But now we’re getting an idea of exactly why sleep matters to your muscles—and as it happens, your muscles might matter for your sleep, too.
In a scientific study, which was done at the University of Texas Southwestern Medical Center, researchers focused on sleep disorders in mice and inadvertently discovered that a certain protein found in muscles (dubbed BMAL1), helps regulate sleep duration and quality. When the mice were sleep deprived, the mice with plenty of BMAL1 in their muscles weren’t as affected as those mice with lower levels of BMAL1. And when the scientists took the protein out of mice muscles completely, those rodents suffered from severely disturbed sleep—they were sleepier and recovered more slowly.
The study authors believe the discovery could lead to treatments that could help people in jobs that demand extended periods of wakefulness—airline pilots, security guards, soldiers, and medical professionals, for example.

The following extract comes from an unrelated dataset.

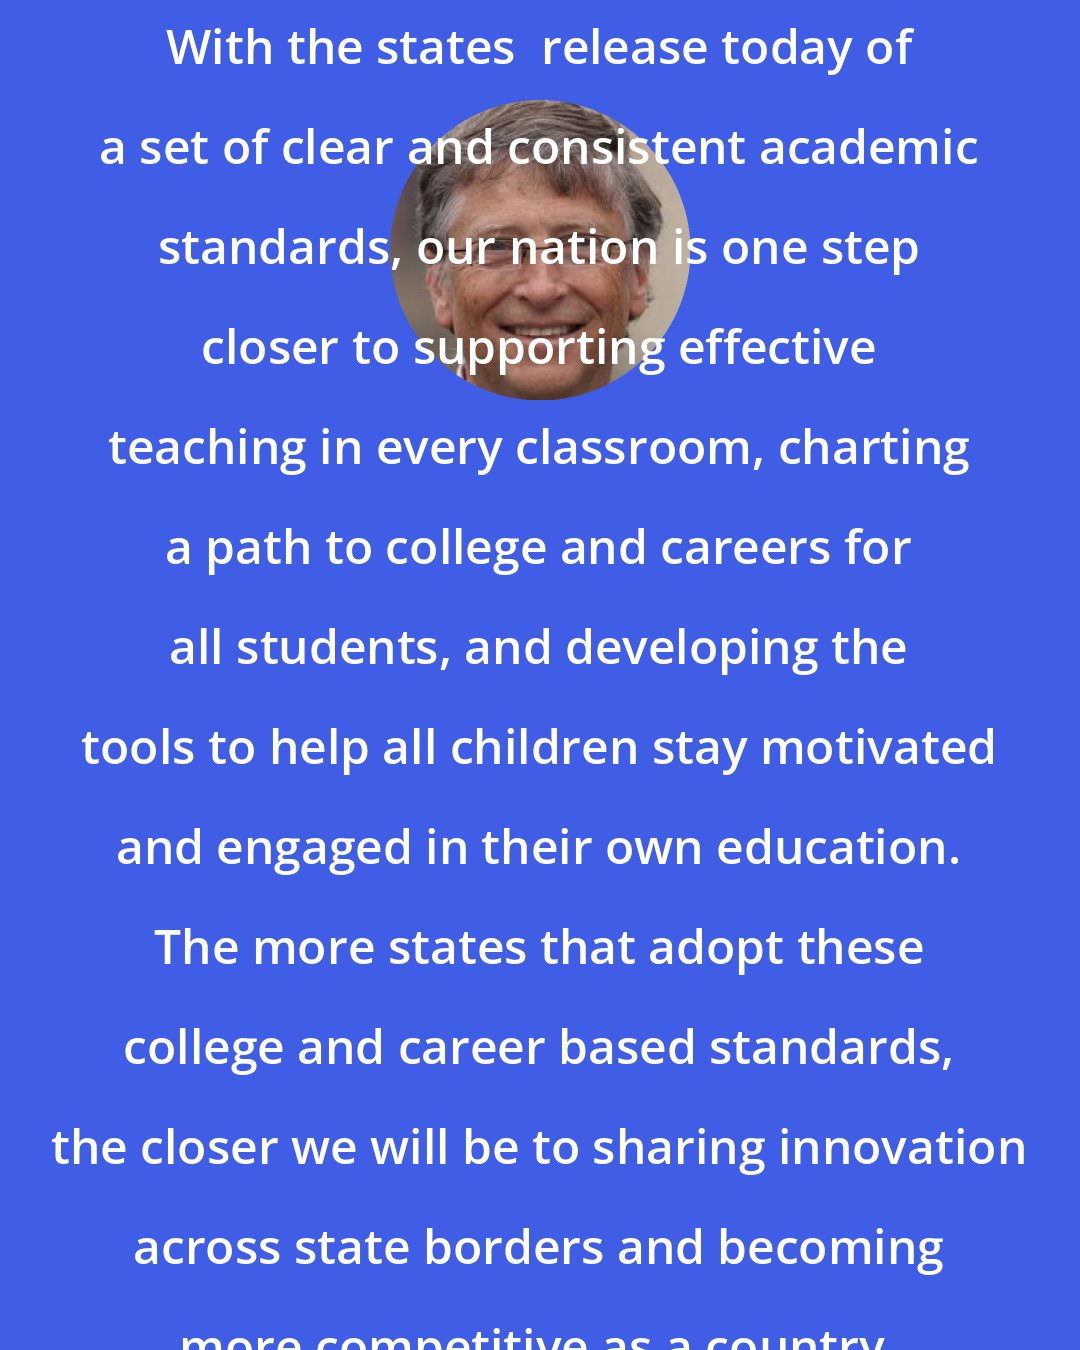 Bill Gates: With the states  release today of a set of clear and consistent academic standards, our nation is one step closer to supporting effective teaching in every classroom, charting a path to college and careers for all students, and developing the tools to help all children stay motivated and engaged in their own education. The more states that adopt these college and career based standards, the closer we will be to sharing innovation across state borders and becoming more competitive as a country.

“This finding is completely unexpected and changes the ways we think sleep is controlled,” said Joseph S. Takahashi, Ph.D., chairman of neuroscience at UT Southwestern Medical Center. “These studies show that factors in muscles can signal to the brain to influence sleep. If similar pathways exist in people, this would provide new drug targets for the treatment of sleep disorders,” he said.
Before that future super-awesome sleep drugs arrives, do yourself a favor and make your nightly respite the best it can be by abstaining from alcohol or caffeine a few hours before bed, keep your room cool and dark, and limit screen time before hitting the sack. Your body, and muscles, will respond with increased vigor.